Welcome to IBD TaMMA’s documentation¶

Inflammatory bowel disease (IBD), including Ulcerative Colitis (UC) and Crohn’s Disease (CD), is a multifaceted chronic inflammatory gut disorder where uncontrolled, resolution-failing inflammation and intestinal dysbiosis are the main traits. To boost the better comprehension of the disease, a high number of computational biology studies has been finalized so far producing numerous RNA sequencing (RNA-Seq) data. Nevertheless, no comparison among the studies has been possible because of the experimental variability and different data analysis approaches. Therefore, to exploit these efforts made over the years in the field of Next Generation Sequencing, we here introduce the IBD Transcriptome and Metatranscriptome Meta-Analysis (IBD TaMMA) platform, a comprehensive survey of 3,853 publicly available RNA-Seq datasets from 26 independent studies performed on IBD-derived and control samples across different tissues, all analyzed with the same computational pipeline and batch corrected for data harmonization and simultaneous comparison.

Quick start¶

TaMMA can be found at https://ibd-meta-analysis.herokuapp.com/.

TaMMA is designed to be as simple, interactive and user-friendly as possible.
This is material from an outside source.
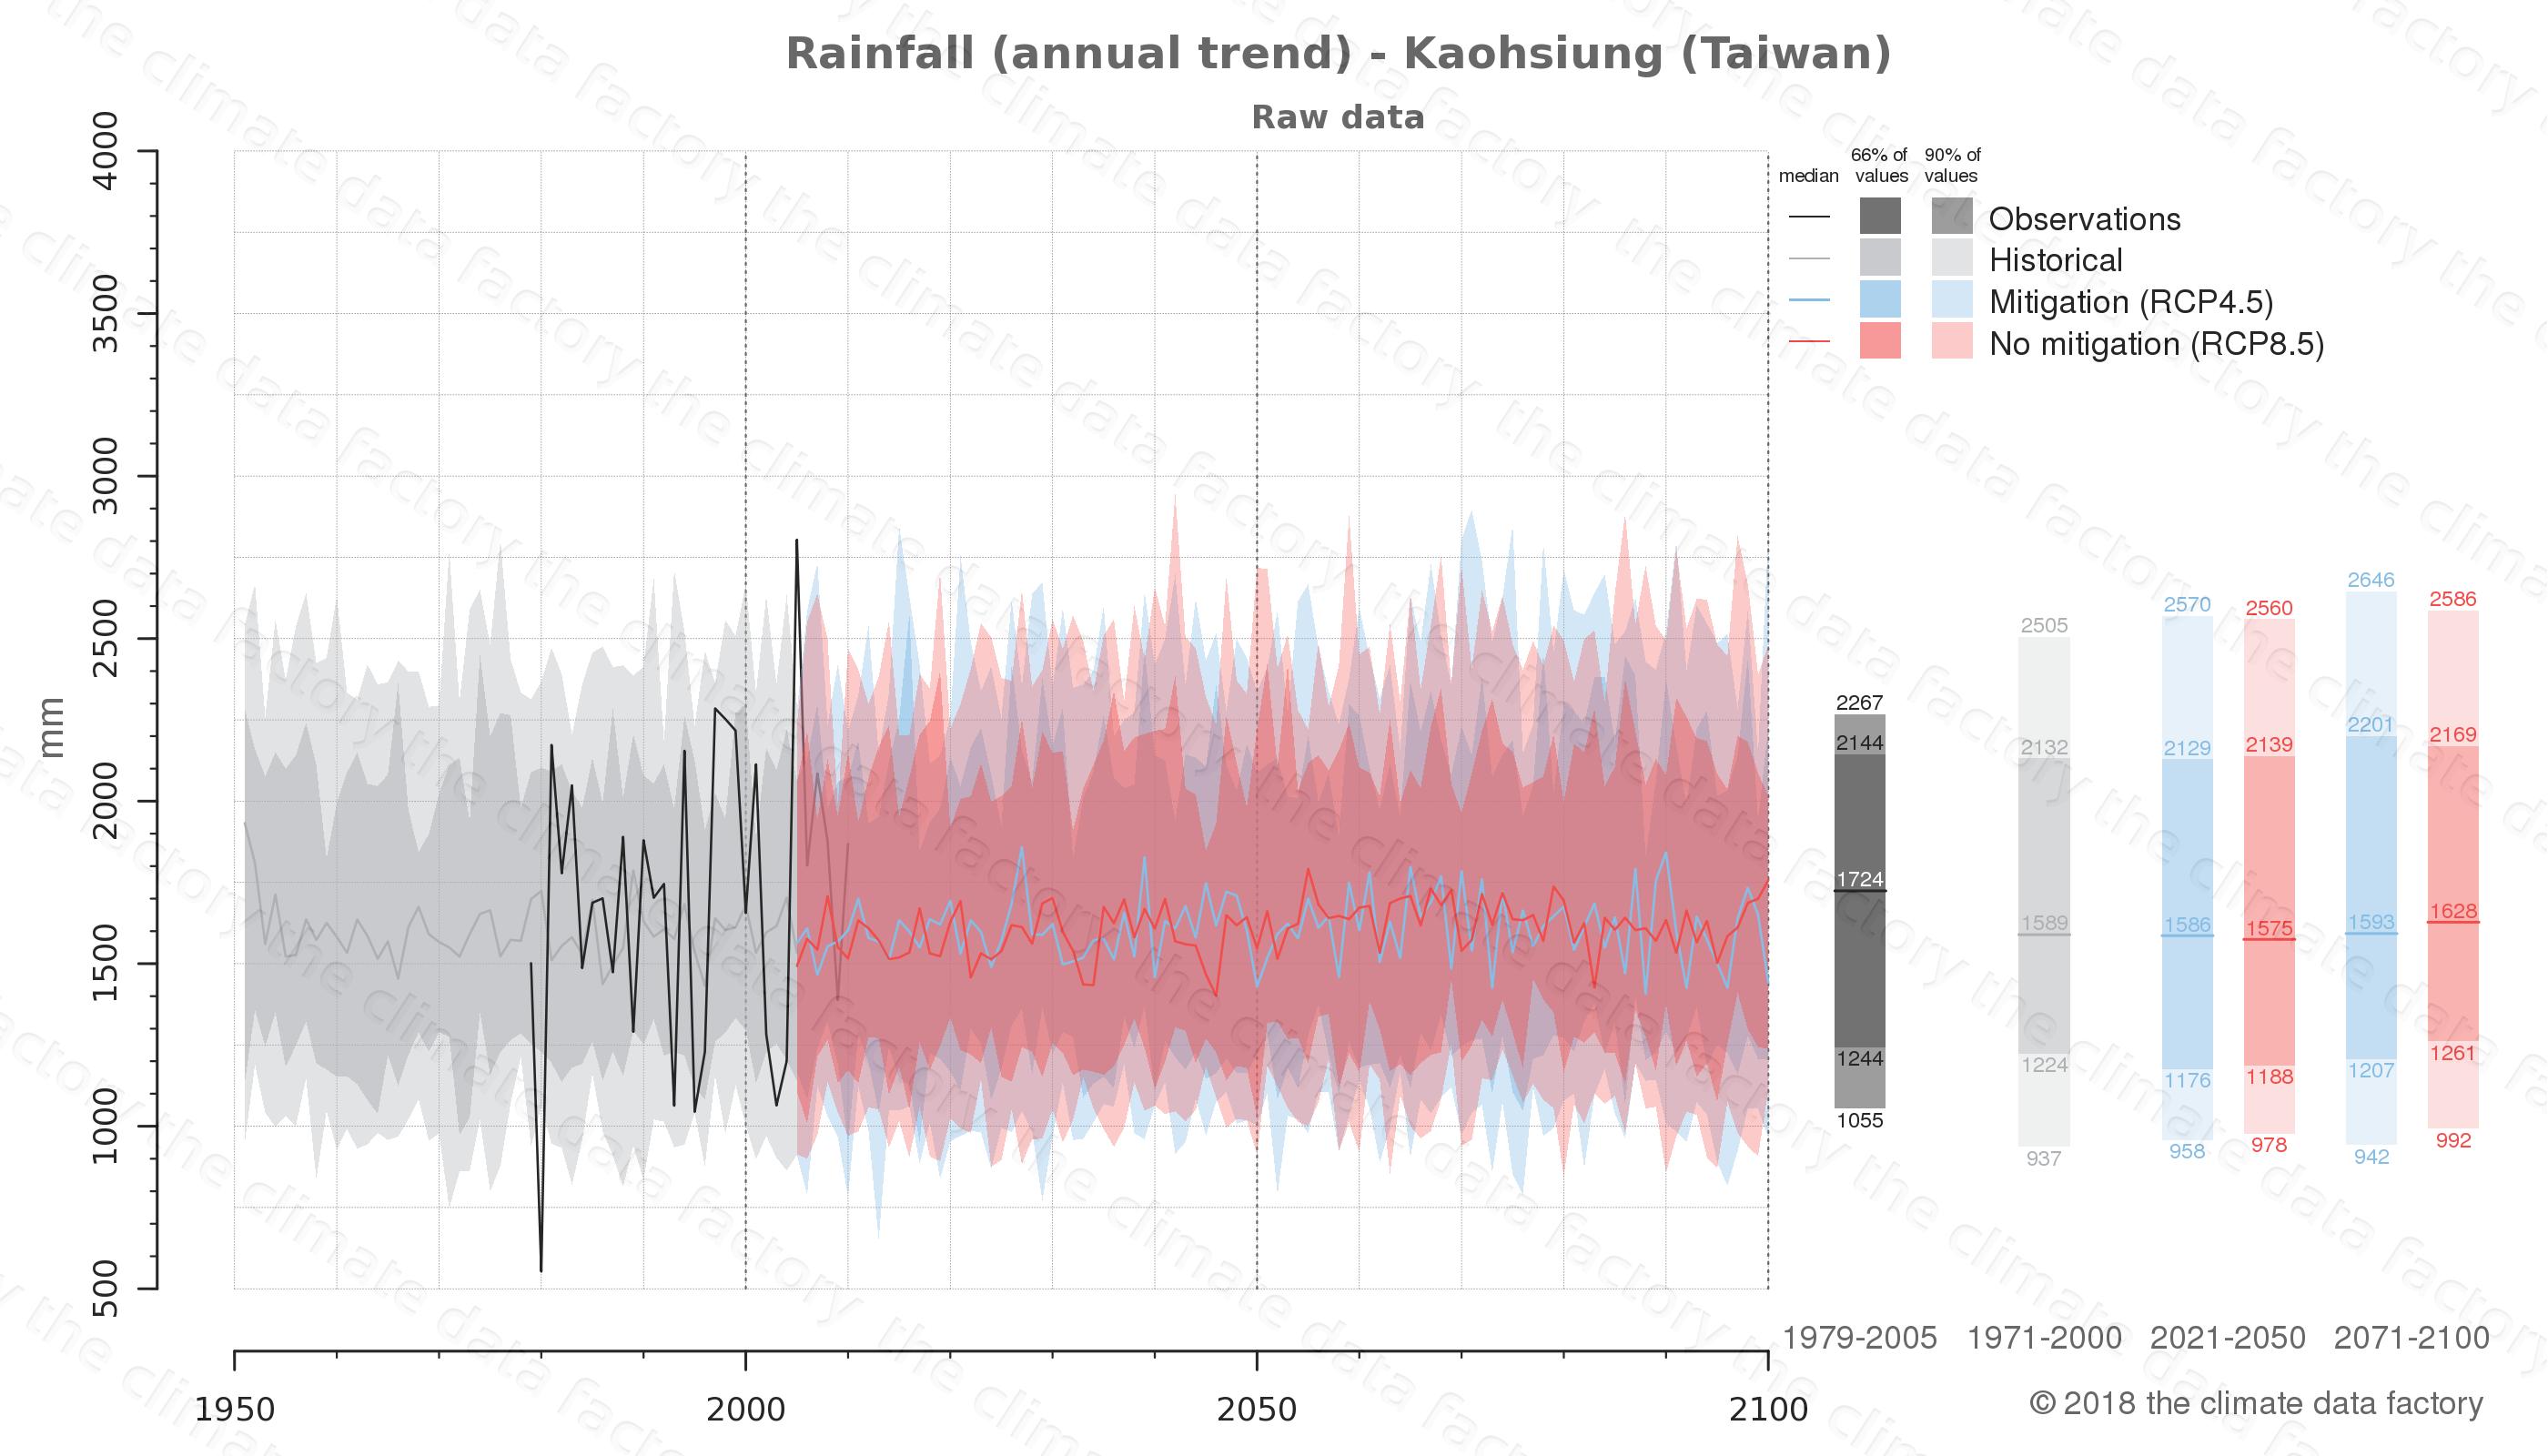 climate change data policy adaptation climate graph city data rainfall kaohsiung taiwan

The web app is divided into 3 different sections:

the top one, composed of dropdowns and by a unique legend, can be seen as the input section where all the general parameters are read to populate plots and tables.

the middle one, where all the most important plots are shown.

the bottom one, with different tabs harboring different secondary elements like tables, info, and other plots.

Around the website, there are also some plot-/table-specific input elements (dropdowns, buttons, switches etc.) that are referred only to the plot/table near this element. In addition, each component of TaMMA has a info icon that will show you a tooltip explaining the element by hovering the mouse on it.

Since TaMMA is completely interactive, any change in the input section will result in the updating of the plots all over the page in accordance with the new parameters. Some changes will trigger the update automatically (e.g., changing the value of a dropdown), others will require the user explicit command by clicking on an Update plot button. All the plots are produced using the Plotly graphing libraries, which create interactive plots, where you can freely explore each graph with a series of different operations like zooming, clicking, hovering on elements, etc. Each plot has on the top a toolbar that appear when your mouse pointer is above the graph and that allow you to get more advanced options. For example, it is possible to automatically download the plot by clicking on the camera button in this toolbar. Finally, the lengend positioned under the dropdowns is also interactive. You can select/unselect features of interest by simply clicking on them. By double-clicking an element you can isolate a specific feature, or select all of them if some are unselected.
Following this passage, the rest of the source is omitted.